Of course, I'm not implying these cultures have a sophisticated microbiology of their spirits and demons, and I'd certainly rather be in the hands of a modern hospital than of a shaman.  Then again, I wouldn't be that thrilled about being treated by a western doctor from the 1950s, either.  The point is that the assumptions we make about the relative value of beliefs are rarely disinterested.

Or take military forces.  The Zulus who faced the British army in South Africa are often characterised as just a horde of warriors — of course, what else could African natives be?  In fact, the Zulus had one of the best organised and disciplined armies in history, which developed out of a highly sophisticated civilisation.  It just didn't look like a European civilisation or a European army.

Human civilisation is far more common than is often assumed.  It's found all over Asia and Africa, and not just in the admitted-by-necessity areas.  The Cambodian city of Angkor***, which flourished during the European middle ages, is now believed to have been as extensive as modern New York City, while pottery dating evidence suggests that civilisation may have arisen in West Africa even earlier than in its traditional cradle, the Middle East.

The Americas were full of civilisation.  Everyone knows about the Aztecs, Maya and Incas, who are allowed the status of bizarre, barbaric civilisation, but they were the tip of the iceberg.  There was a swathe of civilised cultures from Bolivia up to the Mississippi, rising and falling, interacting and replacing one another.  The Mississippi culture, whose capital was in roughly the same location as St Louis, was one that took sophisticated archaeological techniques to find because it built in wood and earth rather than stone, but it had every hallmark of civilisation.

It wasn't the only one north of the Rio Grande.  It's no accident that many of the Native peoples refer to themselves as nations.  Many, such as the Iroquois, were anything but primitive in their organisation.  I've also read that the east coast of what became the USA was not only heavily populated before the smallpox epidemic devastated it, but its people left many intact towns and villages, which the settlers merely moved into.  I haven't been able to confirm this from an authoritative source, but I'd be intrigued to know more about it.

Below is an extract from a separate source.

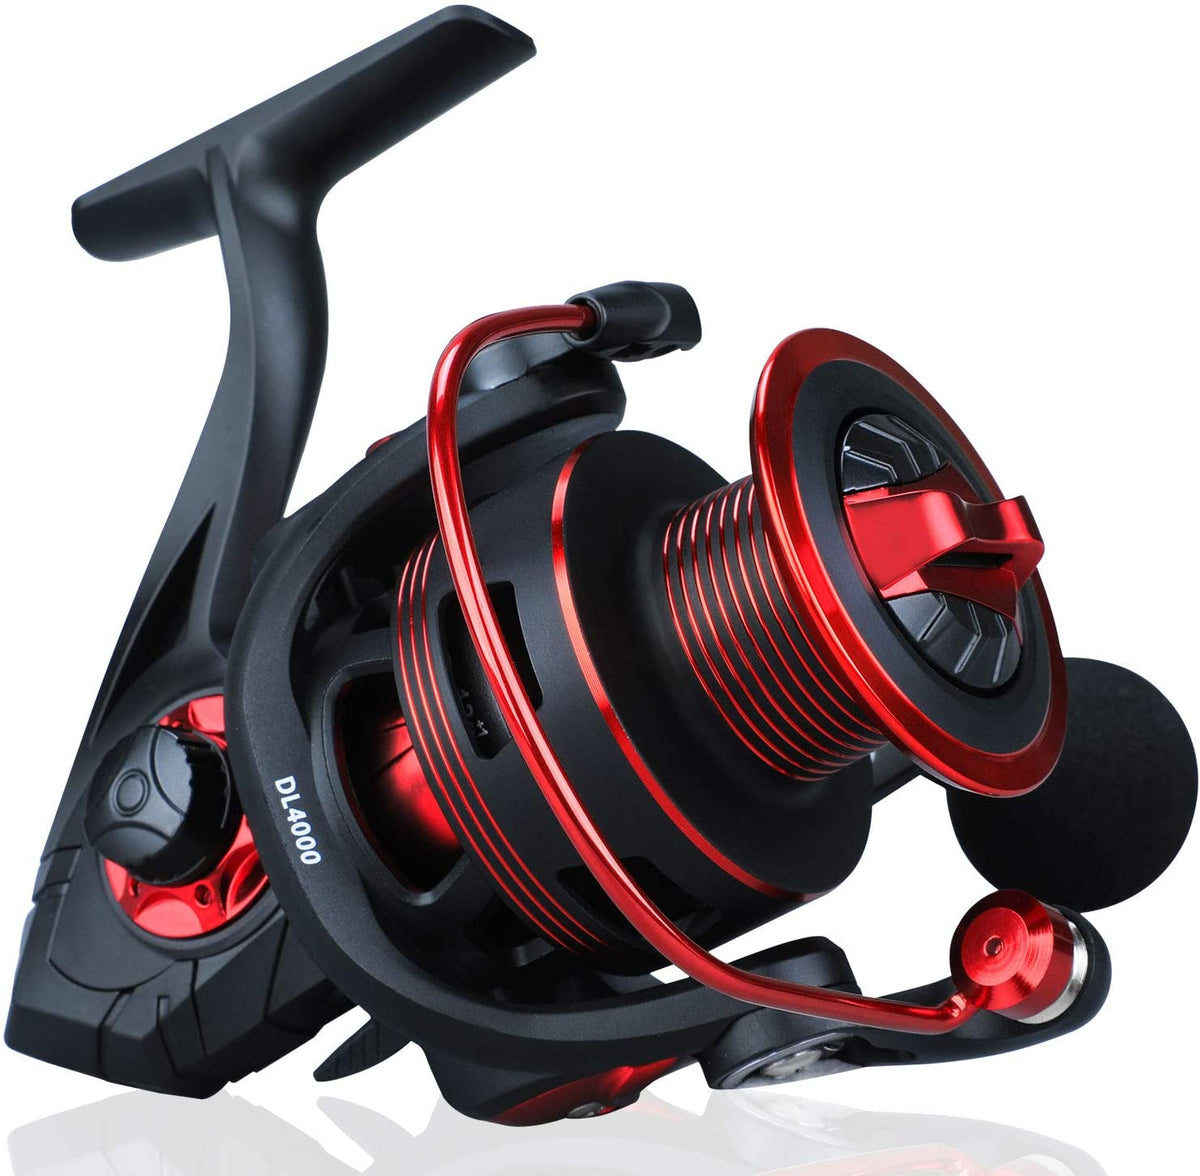  SHTONE Smooth Operation Durable Spinning Reels 5.5:1
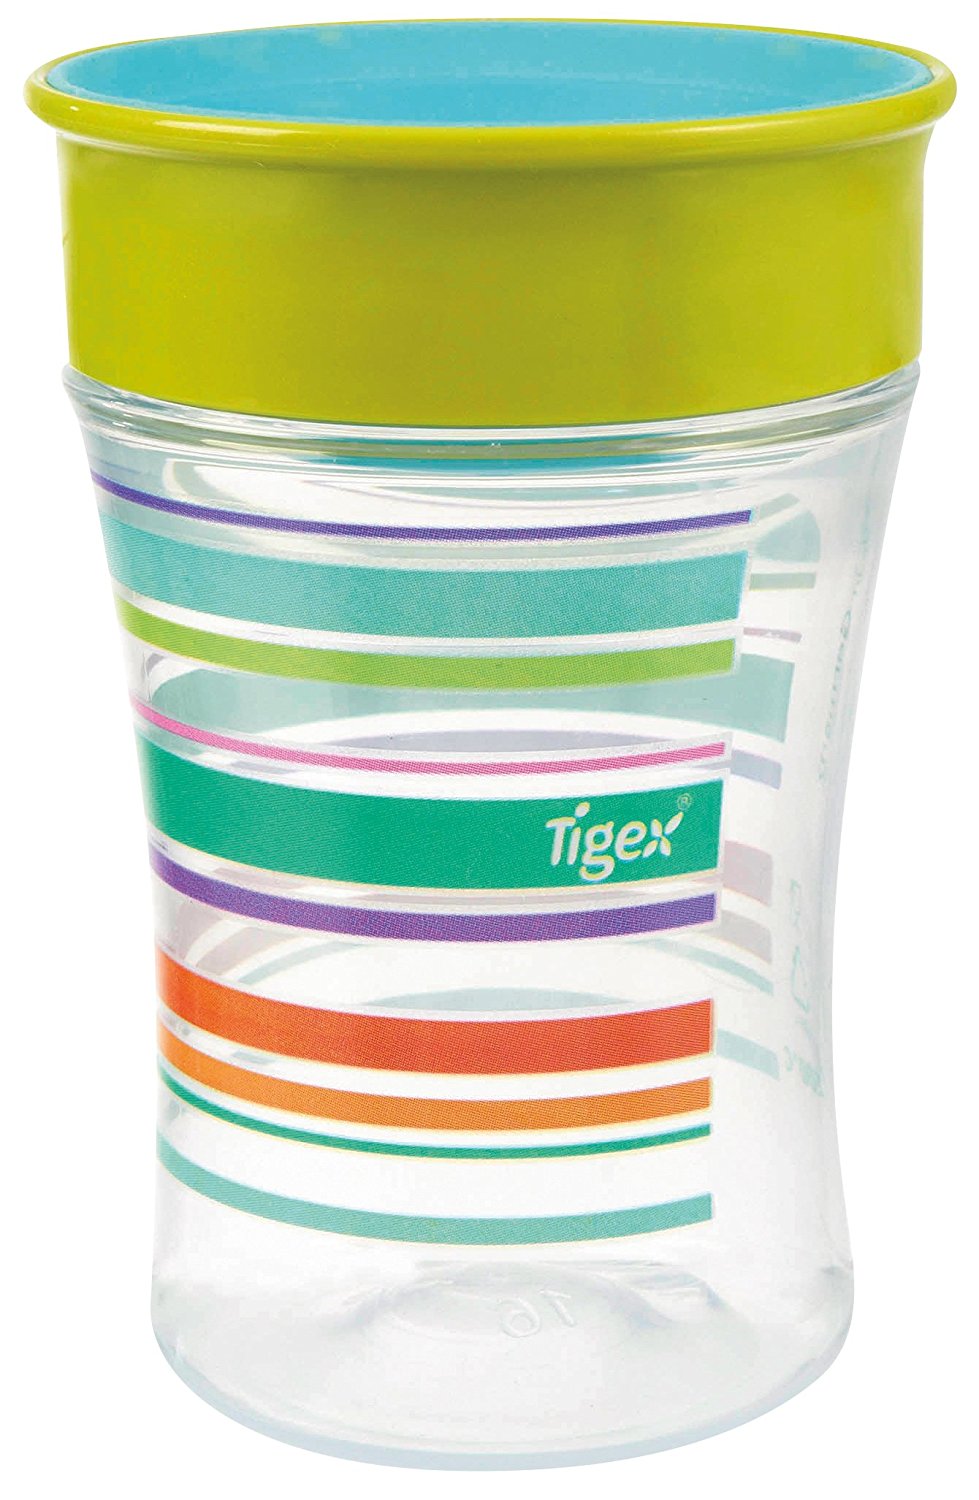 Tigex Tasse D Apprentissage Pour Bebe Smart 360 Cooking For My Baby

There are societies, of course, who fit the description of "tribes", and this isn't necessarily a bad thing.  Cultural success, like evolutionary success, can involve either adapting the environment to your needs or adapting yourself to the environment.  Many peoples have had no need for civilisation, because they're perfectly adapted to live in their surroundings.

Still, next time you're tempted to dismiss a culture as primitive because it's nothing like your own, try walking around and looking at it from all angles.  You might be surprised how civilised it really is.

 
* I can heartily recommend the BBC series Lost Kingdoms of Africa, Lost Kingdoms of South America and Lost Kingdoms of Central America.

** The word barbarian is simply the anglicised version of the Greek word for foreigner, which didn't necessarily imply lack of civilisation.  The Romans used it rather liberally considering that they, according to the original meaning, were barbarians themselves.

*** The best-known part of the city, the stunning temple of Angkor Wat, was only its centrepiece, like the Vatican within Rome.